= String Quartet No. 3 (Husa) =

The String Quartet No. 3 is a composition for string quartet by the composer Karel Husa. It was first performed on October 14, 1968, at the Goodman Theatre, Chicago, by the Fine Arts Quartet, to whose members the work is dedicated. The piece won the 1969 Pulitzer Prize for Music.

==Composition==
The String Quartet No. 3 was composed in Ithaca, New York, from late 1967 to March 1968. It has a duration of roughly 19 minutes and is cast in four movements. In the score program note, Husa wrote, "In my previous quartets – one of them, No. 2, performed quite extensively by the Fine Arts Quartet – I did not preoccupy myself as much with new sonorities as in the new Quartet no. 3. Also, the form of the movements in the former two was rather traditional. The new composition explores some solo predominance, spotlighting the several instruments in rather free forms: the viola in the first movement; violoncello in the second; the two violins in the third." He added, "After Bartok, Berg, and Webern, it is not easy to imagine new ways of playing on string instruments.
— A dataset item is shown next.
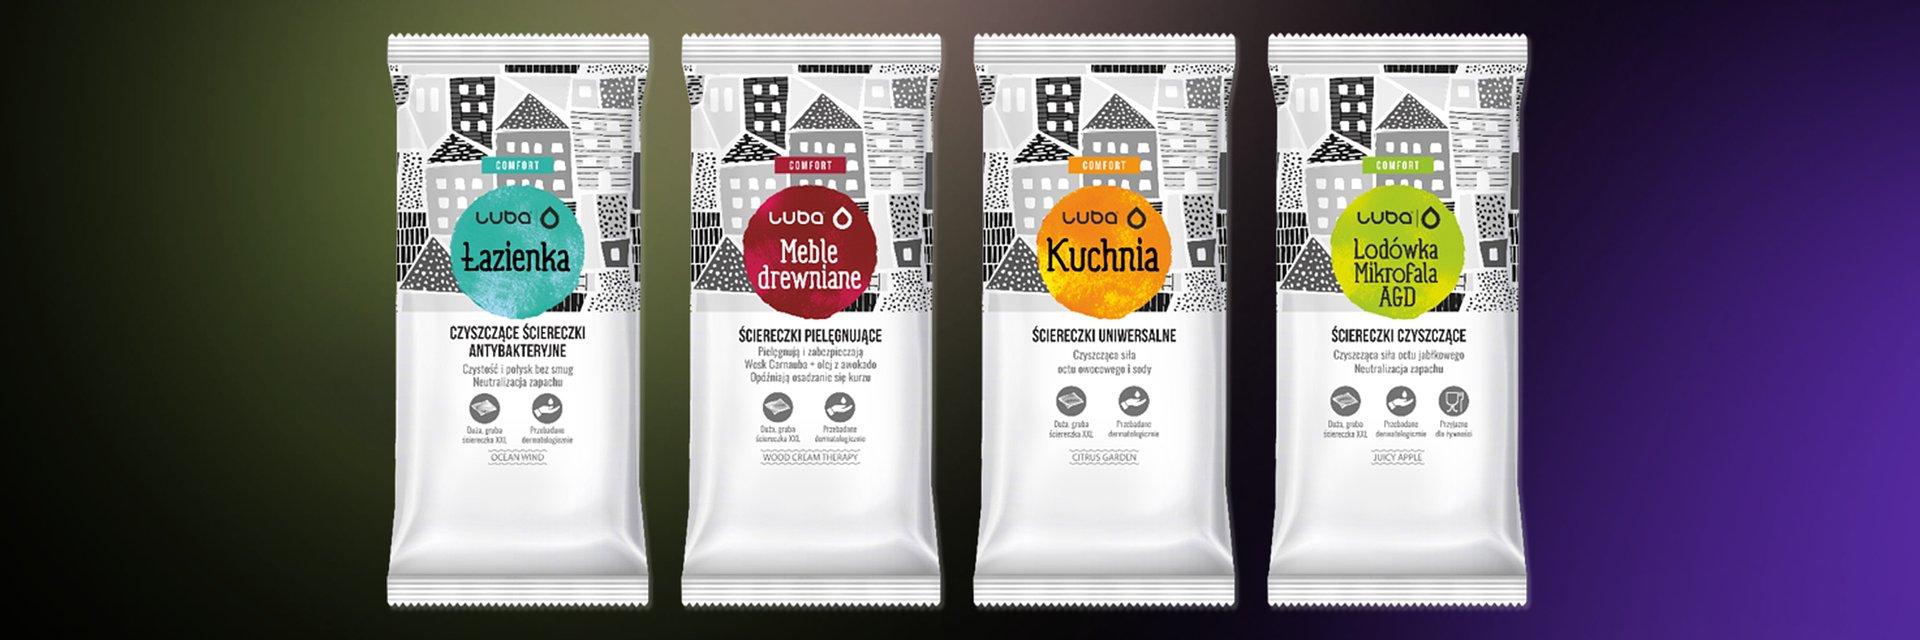 Chusteczki czyszczące LUBA w opakowaniach zaprojektowanych przez FENO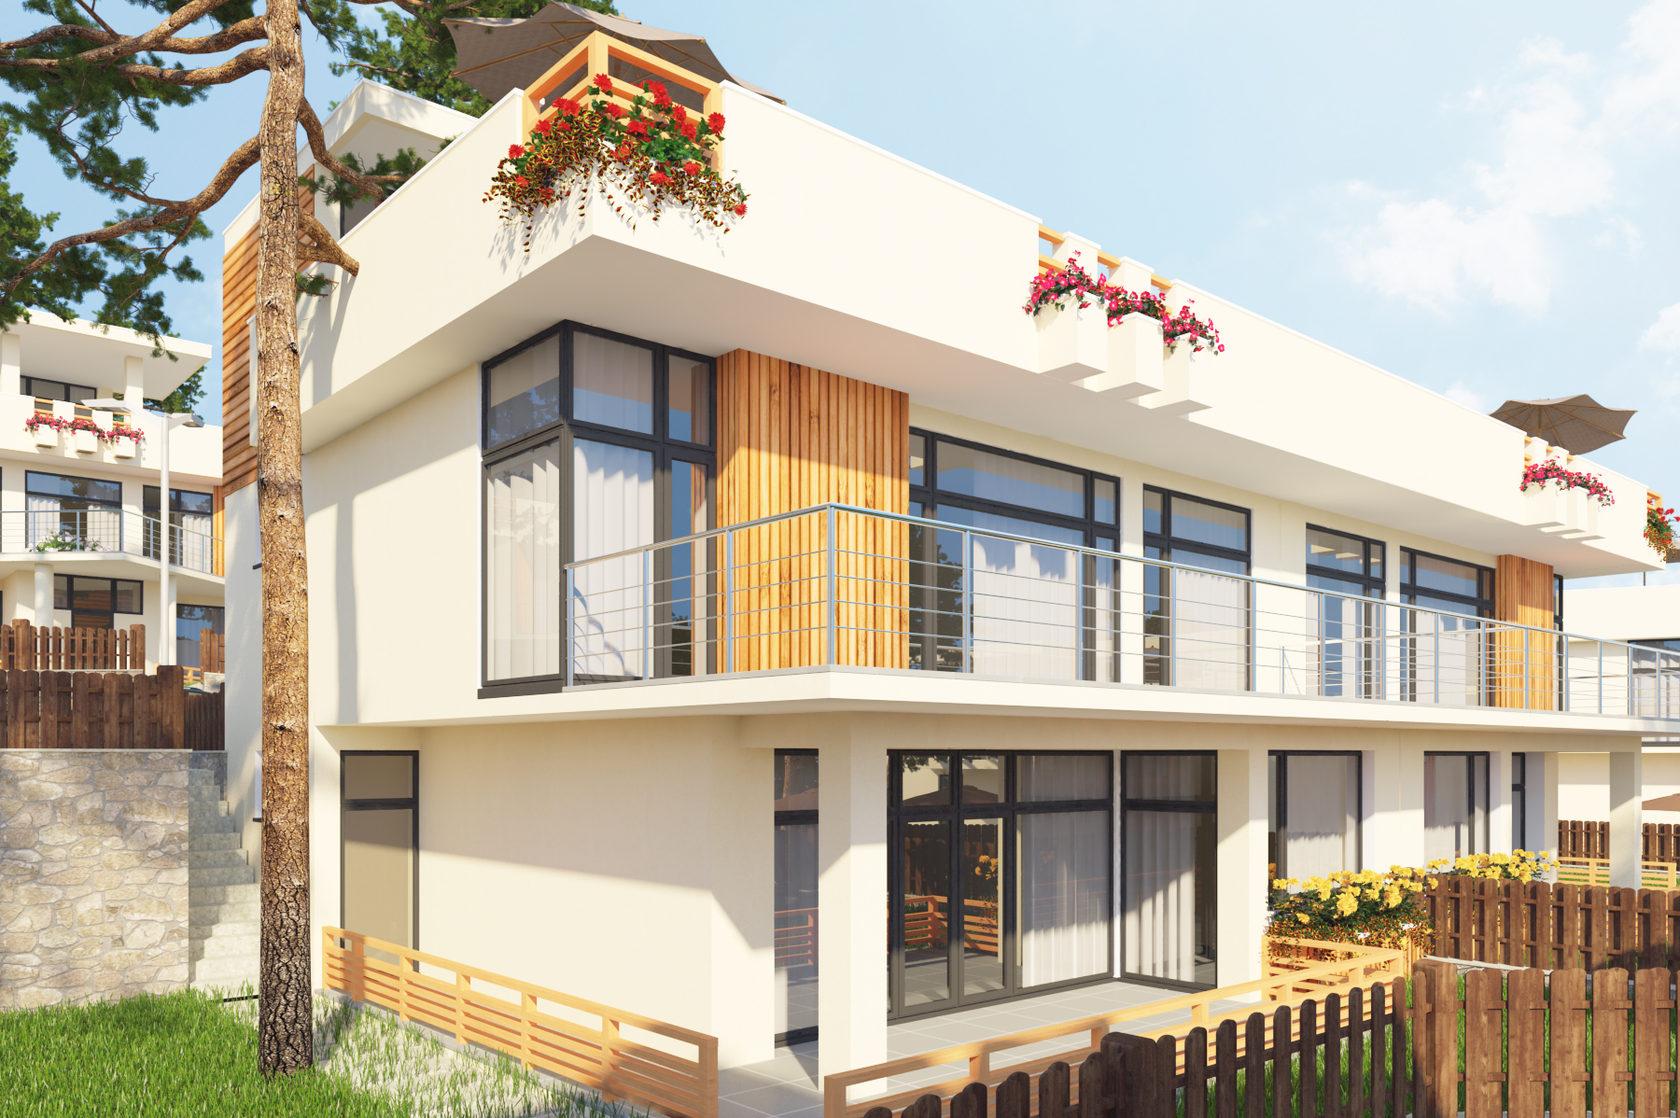 Duplex объединяет два зеркальных дома для одной или нескольких семей

I feel that I have been able to find some unusual paths for bow and finger. As for the rest, I have used all the possibilities hitherto available. The forms of the four movements are few, based mostly on contrasting colors and inner tension."

==Pulitzer Prize==
The work won Husa the 1969 Pulitzer Prize for Music. The award brought international attention to Czech-born composer, who favorably recalled, "You have the confidence that what you are doing is somehow rewarded. That's a terrific feeling, of course. It gives you an incredible lift, and keeps you in a mood so that you can compose more."